# Just for fun...



## Good_Karma (Jun 28, 2009)

Niko is from American show lines. I think he's perfect, but I'm extremely biased.  I'm not into showing, but am curious what a knowledgeable person would say about how he measures up to the breed standard. Sorry that I don't have anything resembling a proper stack.














































He's wiggly so it's hard to get a measurement on him, but I think he's a bit taller than standard (around 27 or 28 inches, but I could be measuring on the high side) and he weighed 86 pounds at the last weigh-in which was a couple months ago.
Any comments would be greatly appreciated. Thank you!


----------



## gsd_lover (Aug 22, 2010)

Hi Leah,

He's a handsome boy, I have to admit I'm a fan of black & reds. You must get lots of compliments when you're out on a walk. I can't give you a critique because I'm definitely not qualified but he is a real looker.


----------



## Good_Karma (Jun 28, 2009)

gsd_lover said:


> Hi Leah,
> 
> He's a handsome boy, I have to admit I'm a fan of black & reds. You must get lots of compliments when you're out on a walk. I can't give you a critique because I'm definitely not qualified but he is a real looker.

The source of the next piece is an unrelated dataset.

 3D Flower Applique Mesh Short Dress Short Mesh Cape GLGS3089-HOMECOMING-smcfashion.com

Thank you so much! We actually don't get a ton of compliments, but when DH and I took the dogs out for ice cream last week, I did overhear two women in line oohing and aahing over him. I resisted the temptation to tell them he was mine and start bragging!

My mom thinks he's gorgeous too, but she knows even less about the breed standard than I do!


----------



## Whiteshepherds (Aug 21, 2010)

Good_Karma said:


> I resisted the temptation to tell them he was mine and start bragging!
> My mom thinks he's gorgeous too, but she knows even less about the breed standard than I do!

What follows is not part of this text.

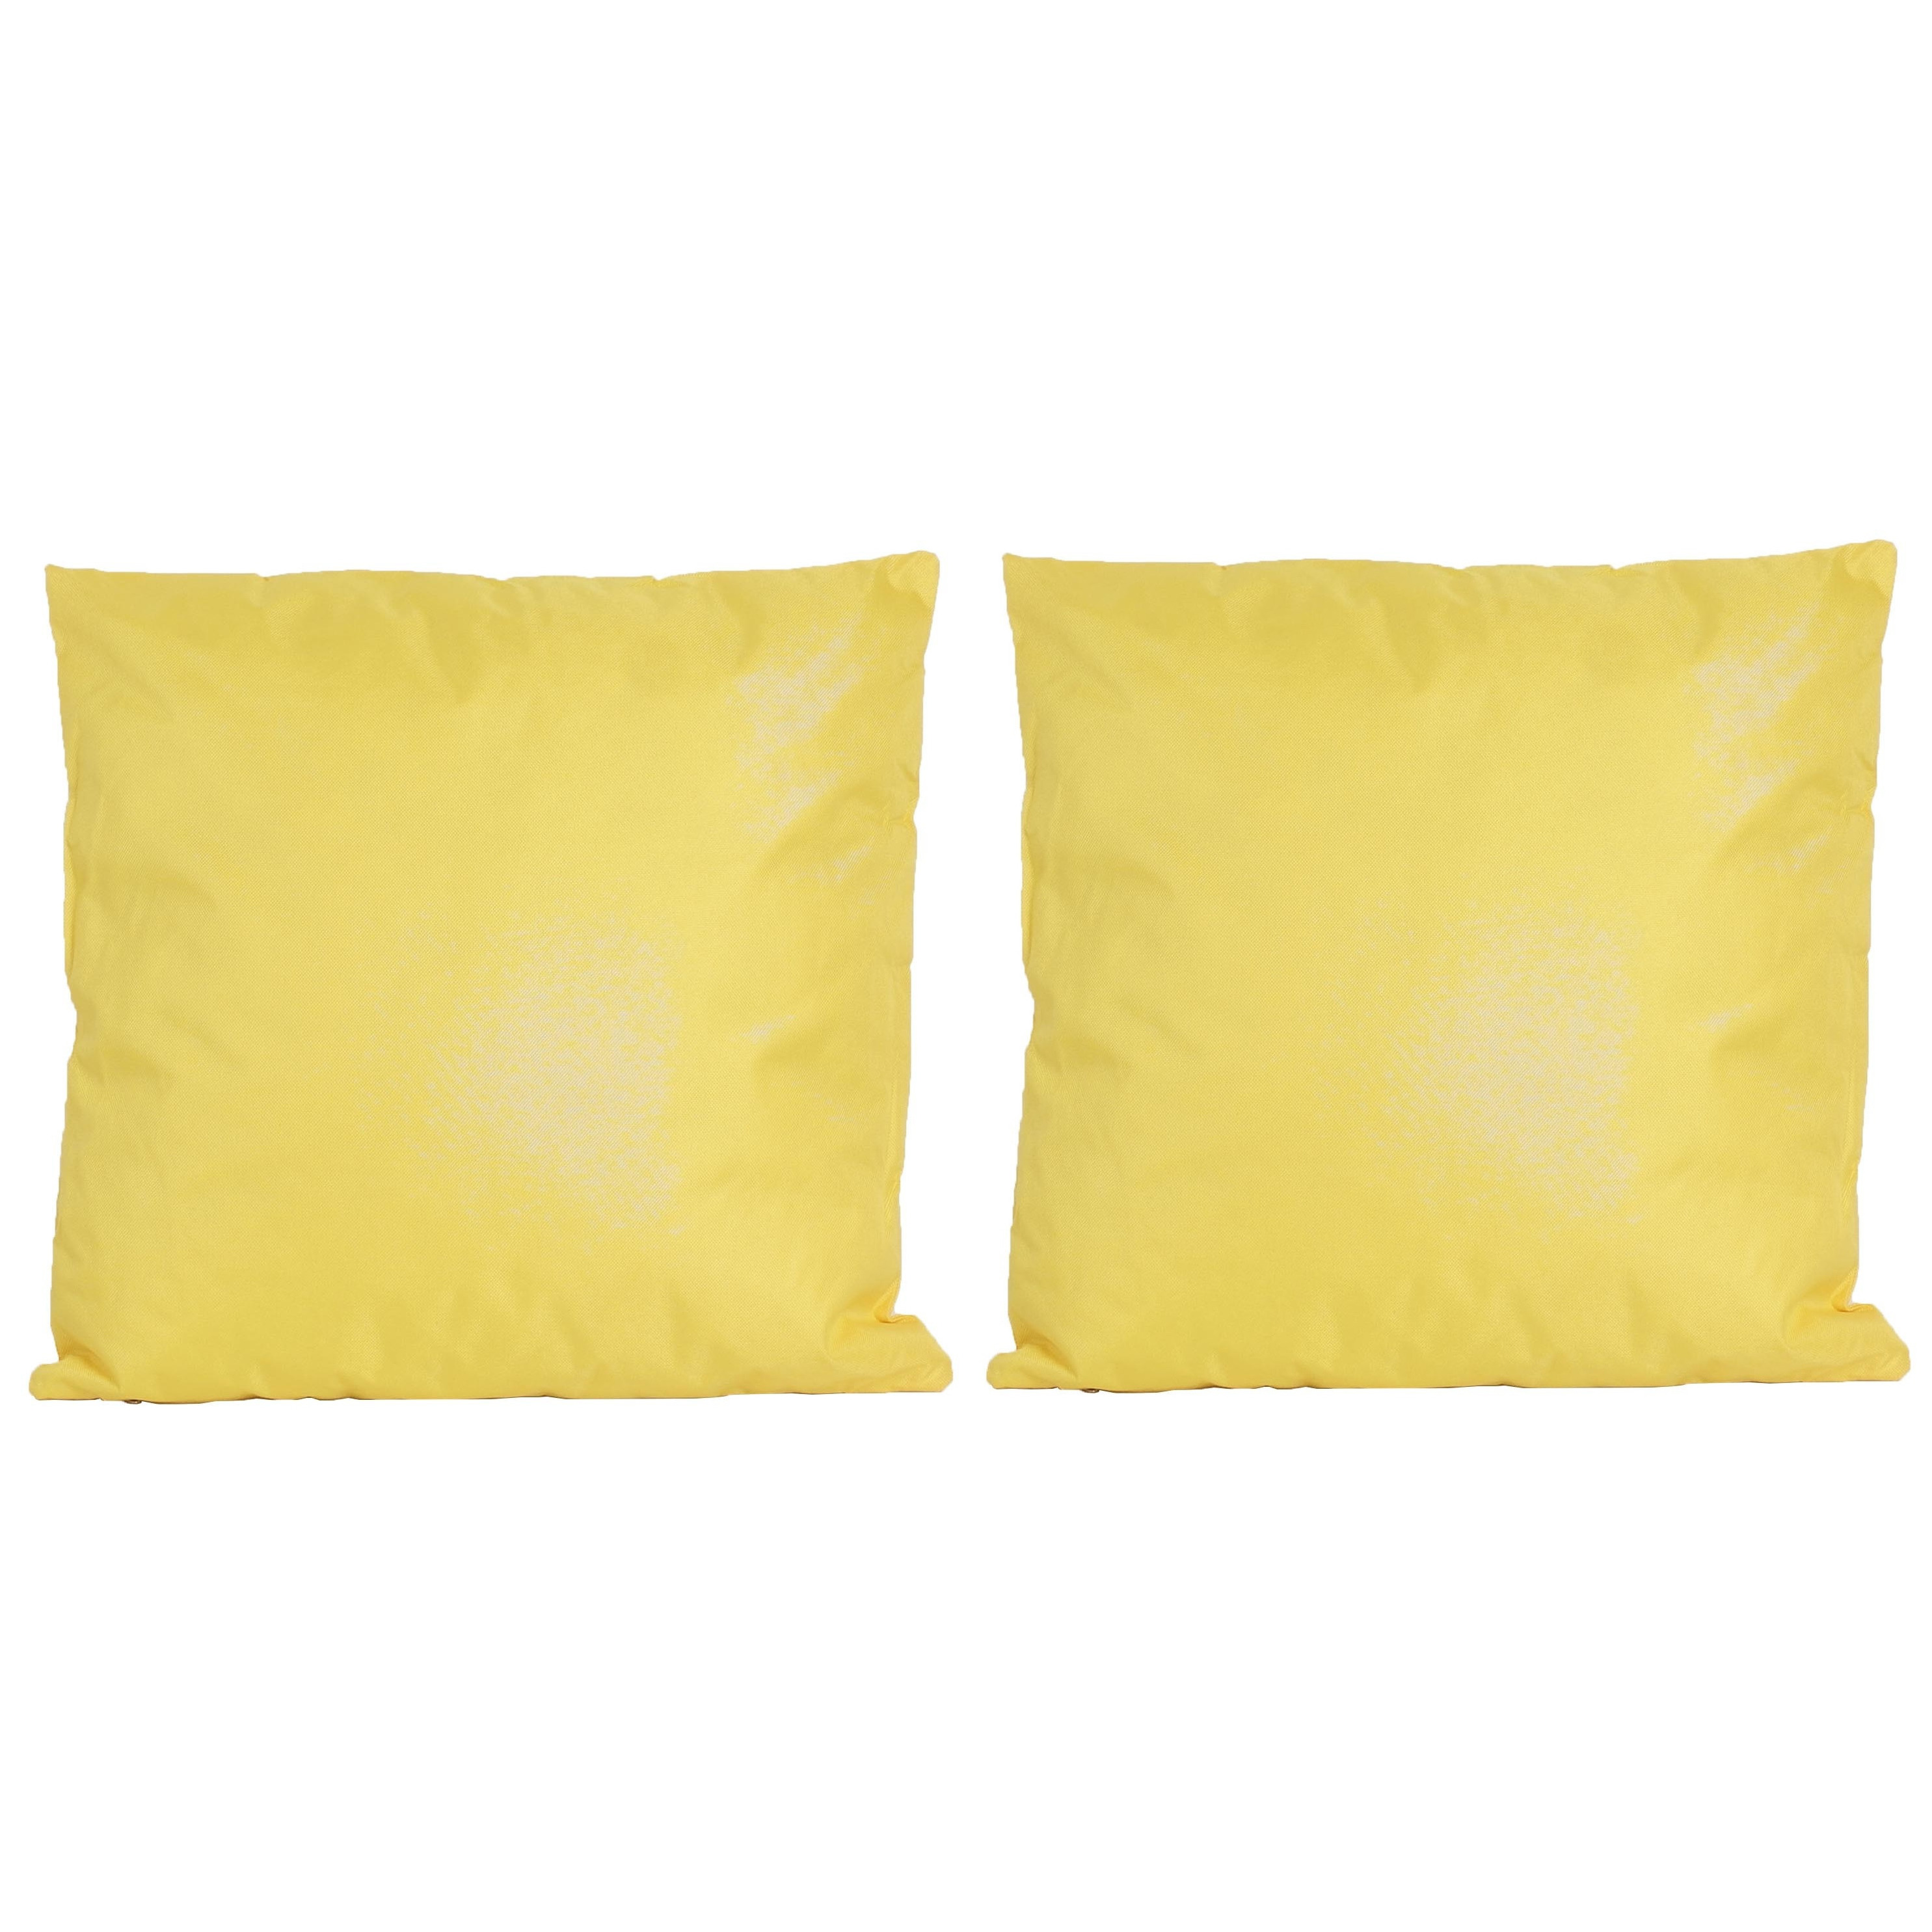 6x Bank-sier kussens voor binnen en buiten in de kleur geel 45 x 45 cm

He might be over breed standard for height, hard to tell if he won't stand still so you can really measure him. 

Breed standard per the AKC site: *The desired height for males at the top of the highest point of the shoulder blade is 24 to 26 inches; and for bitches, 22 to 24 inches. The German Shepherd Dog is longer than tall, with the most desirable proportion as 10 to 8½. The length is measured from the point of the prosternum or breastbone to the rear edge of the pelvis, the ischial tuberosity. The desirable long proportion is not derived from a long back, but from overall length with relation to height, which is achieved by length of forequarter and length of withers and hindquarter, viewed from the side.*

If he really is 27"-28" he's a little over the standard, but it's not like you can make him shorter. 
As long as he's healthy, has good hips etc., love, hug, enjoy and go ahead...brag about him, he's a handsome dog!


----------



## Good_Karma (Jun 28, 2009)

Does it look like he has that roached back thing?


----------



## Good_Karma (Jun 28, 2009)

A few more pics for your consideration.







































Thanks to those who replied!


----------



## robinhuerta (Apr 21, 2007)

Handsome dog!
What is his pedigree.?
He looks more "German" type than American to me......I would be interested in seeing his bloodlines.


----------



## vat (Jul 23, 2010)

I am not an expert but he is one handsome boy!


----------



## Good_Karma (Jun 28, 2009)

robinhuerta said:


> Handsome dog!
> What is his pedigree.?
> He looks more "German" type than American to me......I would be interested in seeing his bloodlines.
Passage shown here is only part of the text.